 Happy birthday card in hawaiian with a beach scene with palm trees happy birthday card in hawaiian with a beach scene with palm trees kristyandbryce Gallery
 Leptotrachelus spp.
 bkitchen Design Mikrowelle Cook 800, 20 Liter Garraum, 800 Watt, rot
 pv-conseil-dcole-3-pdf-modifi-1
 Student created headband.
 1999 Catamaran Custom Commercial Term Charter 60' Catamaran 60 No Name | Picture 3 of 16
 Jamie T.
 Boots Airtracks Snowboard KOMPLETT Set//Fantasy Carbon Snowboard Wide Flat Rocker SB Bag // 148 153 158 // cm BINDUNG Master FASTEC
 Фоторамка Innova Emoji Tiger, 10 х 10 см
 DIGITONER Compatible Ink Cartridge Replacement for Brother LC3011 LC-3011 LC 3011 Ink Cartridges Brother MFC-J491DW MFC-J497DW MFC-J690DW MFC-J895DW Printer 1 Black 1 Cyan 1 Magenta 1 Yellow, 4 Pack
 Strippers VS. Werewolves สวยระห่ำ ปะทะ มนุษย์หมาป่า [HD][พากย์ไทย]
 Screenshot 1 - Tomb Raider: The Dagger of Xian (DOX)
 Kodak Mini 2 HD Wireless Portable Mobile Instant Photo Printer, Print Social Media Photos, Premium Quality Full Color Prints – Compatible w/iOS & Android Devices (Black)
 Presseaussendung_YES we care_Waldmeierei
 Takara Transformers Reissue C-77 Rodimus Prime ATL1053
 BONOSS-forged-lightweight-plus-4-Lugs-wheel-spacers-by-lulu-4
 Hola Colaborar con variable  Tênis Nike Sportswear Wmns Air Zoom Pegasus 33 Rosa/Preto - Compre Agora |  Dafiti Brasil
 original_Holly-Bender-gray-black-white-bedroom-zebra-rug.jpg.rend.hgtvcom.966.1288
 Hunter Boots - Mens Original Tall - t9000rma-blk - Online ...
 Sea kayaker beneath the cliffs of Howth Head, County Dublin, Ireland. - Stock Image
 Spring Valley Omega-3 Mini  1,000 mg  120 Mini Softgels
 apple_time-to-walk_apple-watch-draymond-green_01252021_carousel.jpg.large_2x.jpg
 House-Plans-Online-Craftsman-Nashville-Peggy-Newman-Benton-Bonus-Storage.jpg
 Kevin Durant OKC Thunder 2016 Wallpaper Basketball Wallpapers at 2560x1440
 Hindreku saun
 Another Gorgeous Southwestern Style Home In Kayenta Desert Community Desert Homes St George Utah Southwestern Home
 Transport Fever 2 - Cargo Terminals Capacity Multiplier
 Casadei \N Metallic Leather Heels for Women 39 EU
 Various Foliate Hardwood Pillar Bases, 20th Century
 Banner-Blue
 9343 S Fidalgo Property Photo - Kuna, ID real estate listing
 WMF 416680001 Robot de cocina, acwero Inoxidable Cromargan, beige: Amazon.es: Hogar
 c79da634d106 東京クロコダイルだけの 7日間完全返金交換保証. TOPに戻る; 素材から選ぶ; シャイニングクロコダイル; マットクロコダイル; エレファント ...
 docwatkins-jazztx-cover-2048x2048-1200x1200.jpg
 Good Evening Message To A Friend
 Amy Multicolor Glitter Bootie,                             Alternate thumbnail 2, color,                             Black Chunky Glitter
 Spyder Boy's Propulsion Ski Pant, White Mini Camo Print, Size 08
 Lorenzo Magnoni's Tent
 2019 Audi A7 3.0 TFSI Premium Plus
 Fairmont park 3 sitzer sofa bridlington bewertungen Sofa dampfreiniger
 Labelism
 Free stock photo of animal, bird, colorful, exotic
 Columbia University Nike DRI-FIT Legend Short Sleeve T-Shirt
==============================
> [Assigned task] Above are records; repeat only the lines starting at the line with "docwatkins-jazztx-cover-2048x2048-1200x1200.jpg" and ending at the line with "Free stock photo", exactly as they appear, both included.

> [Response to the task]
 docwatkins-jazztx-cover-2048x2048-1200x1200.jpg
 Good Evening Message To A Friend
 Amy Multicolor Glitter Bootie,                             Alternate thumbnail 2, color,                             Black Chunky Glitter
 Spyder Boy's Propulsion Ski Pant, White Mini Camo Print, Size 08
 Lorenzo Magnoni's Tent
 2019 Audi A7 3.0 TFSI Premium Plus
 Fairmont park 3 sitzer sofa bridlington bewertungen Sofa dampfreiniger
 Labelism
 Free stock photo of animal, bird, colorful, exotic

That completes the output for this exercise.